• SOURCE DATA:
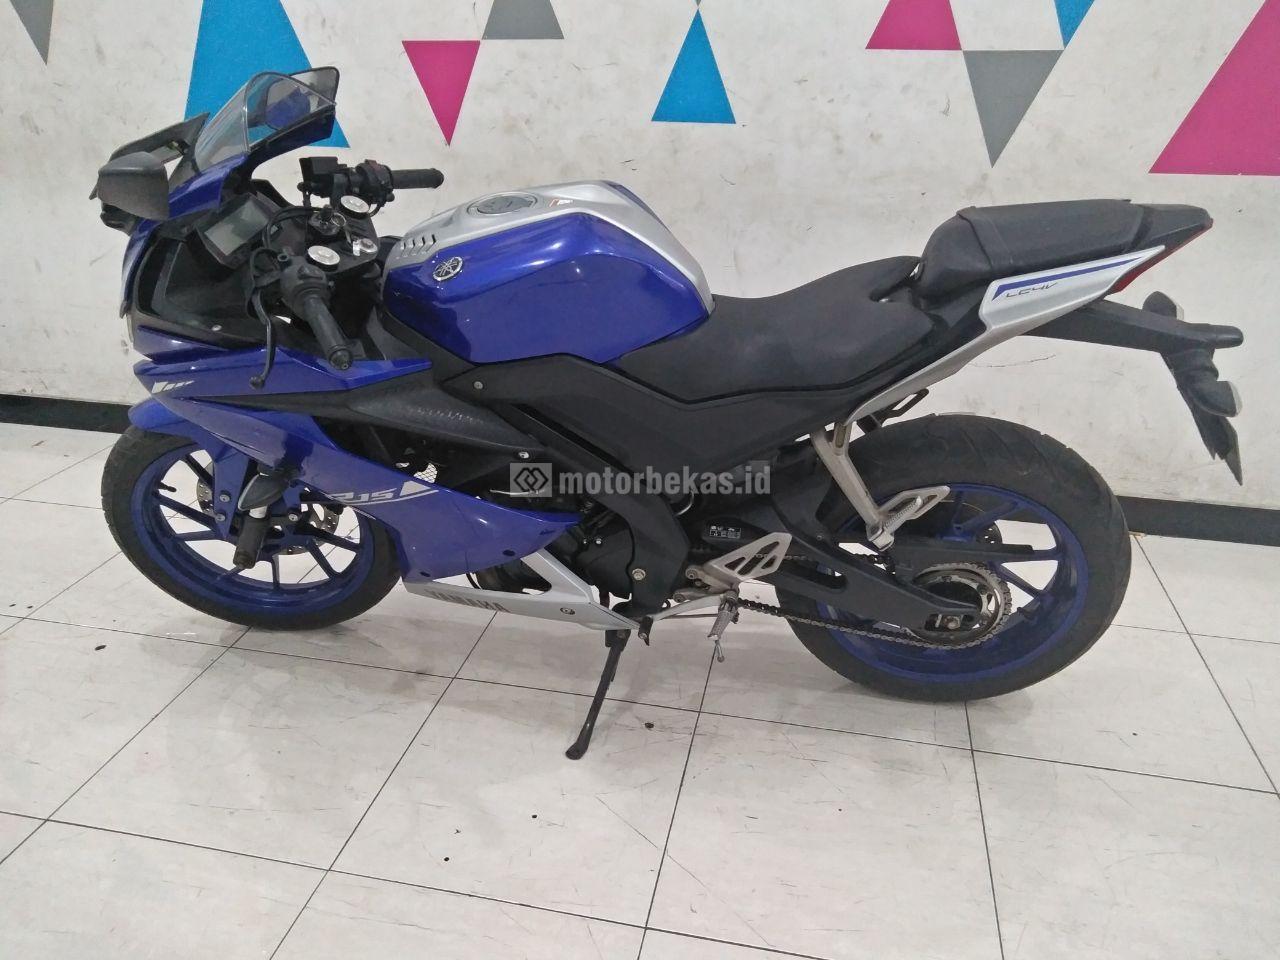 YAMAHA R15 V3 MOVISTAR  3088 motorbekas.id
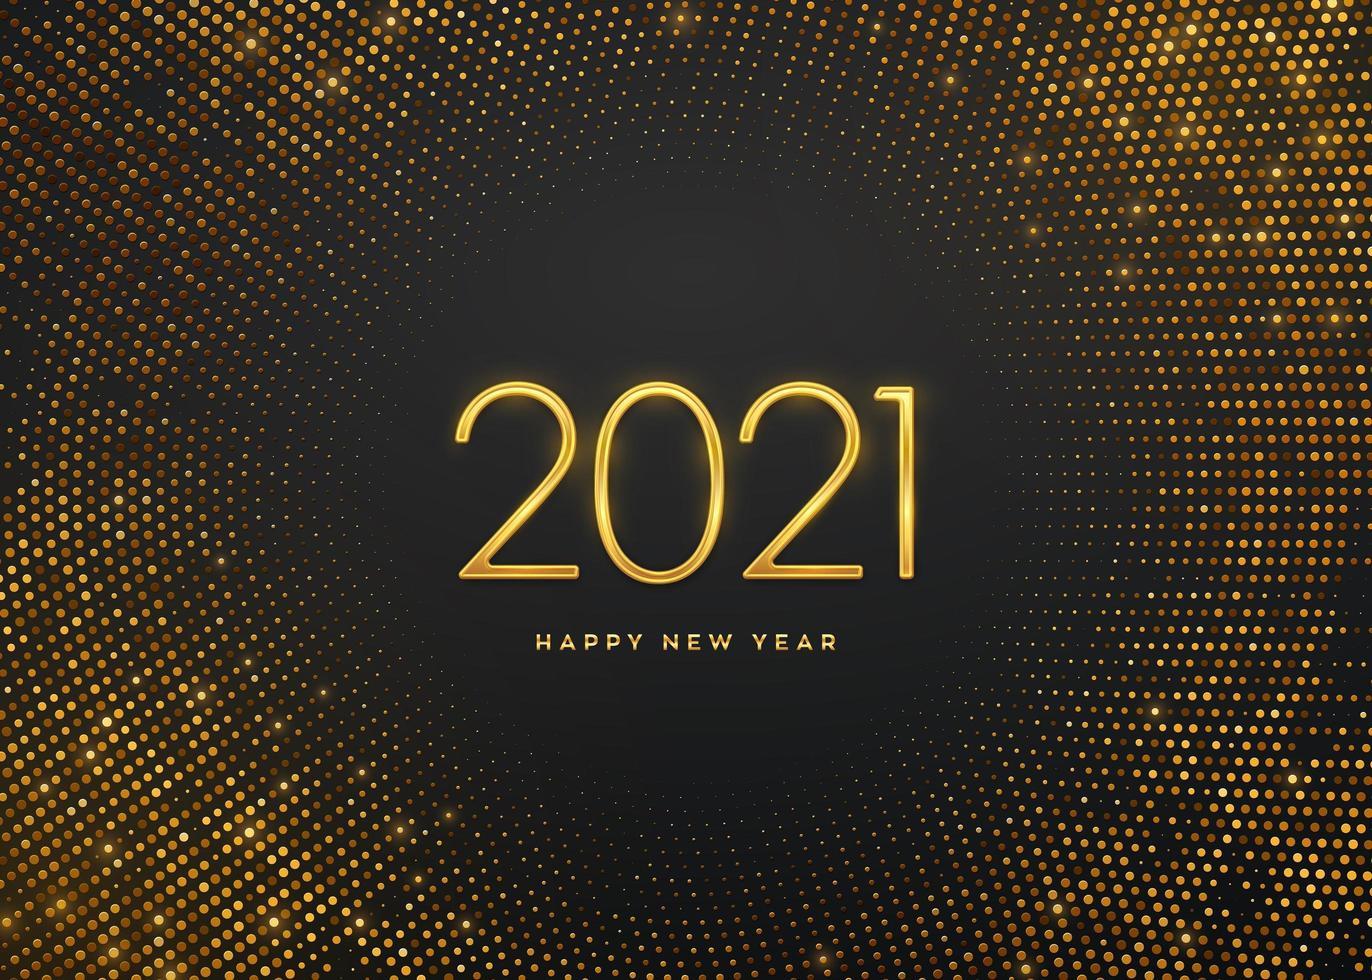 Frohes neues Jahr goldene Luxuszahlen 2021 vektor
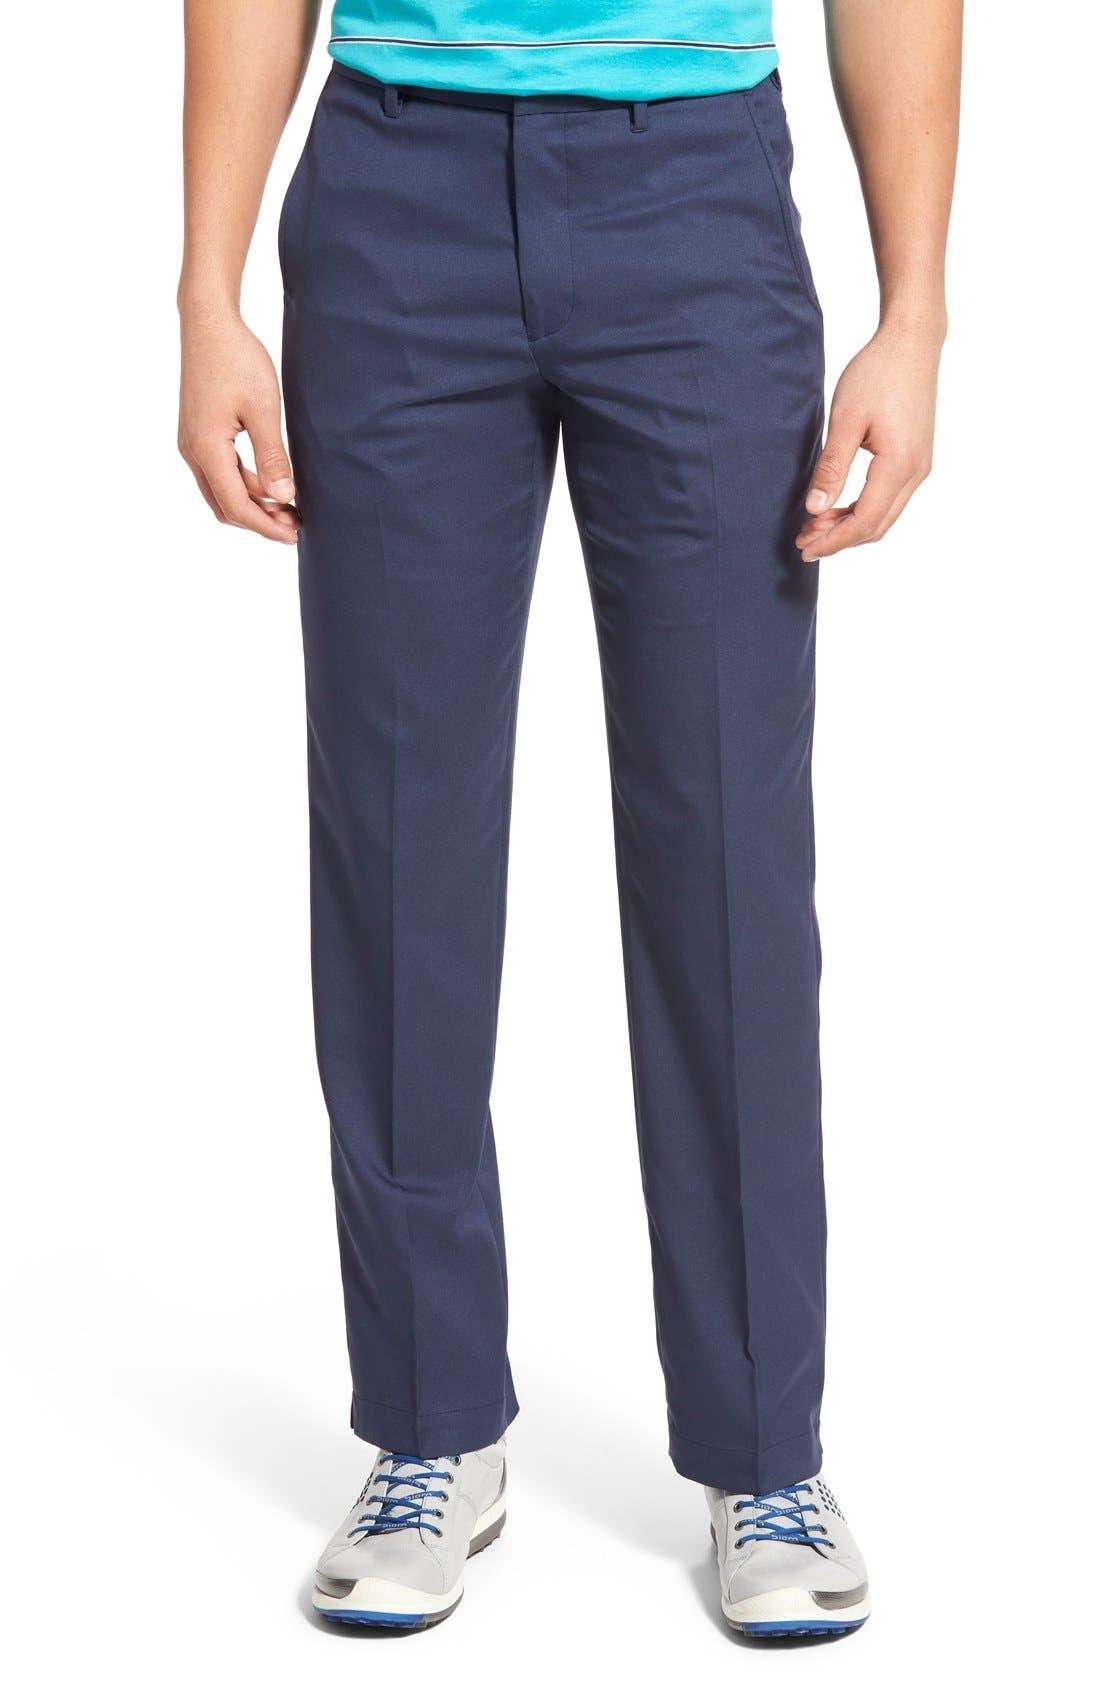 Main Image - Bobby Jones 'Tech' Flat Front Wrinkle Free Golf Pants

• TASK DESCRIPTION: From the line with "Frohes neues Jahr" through the final line of the data above, copy everything exactly, both ends included, but not the pictures.

• RESULT:
 Frohes neues Jahr goldene Luxuszahlen 2021 vektor
 Main Image - Bobby Jones 'Tech' Flat Front Wrinkle Free Golf Pants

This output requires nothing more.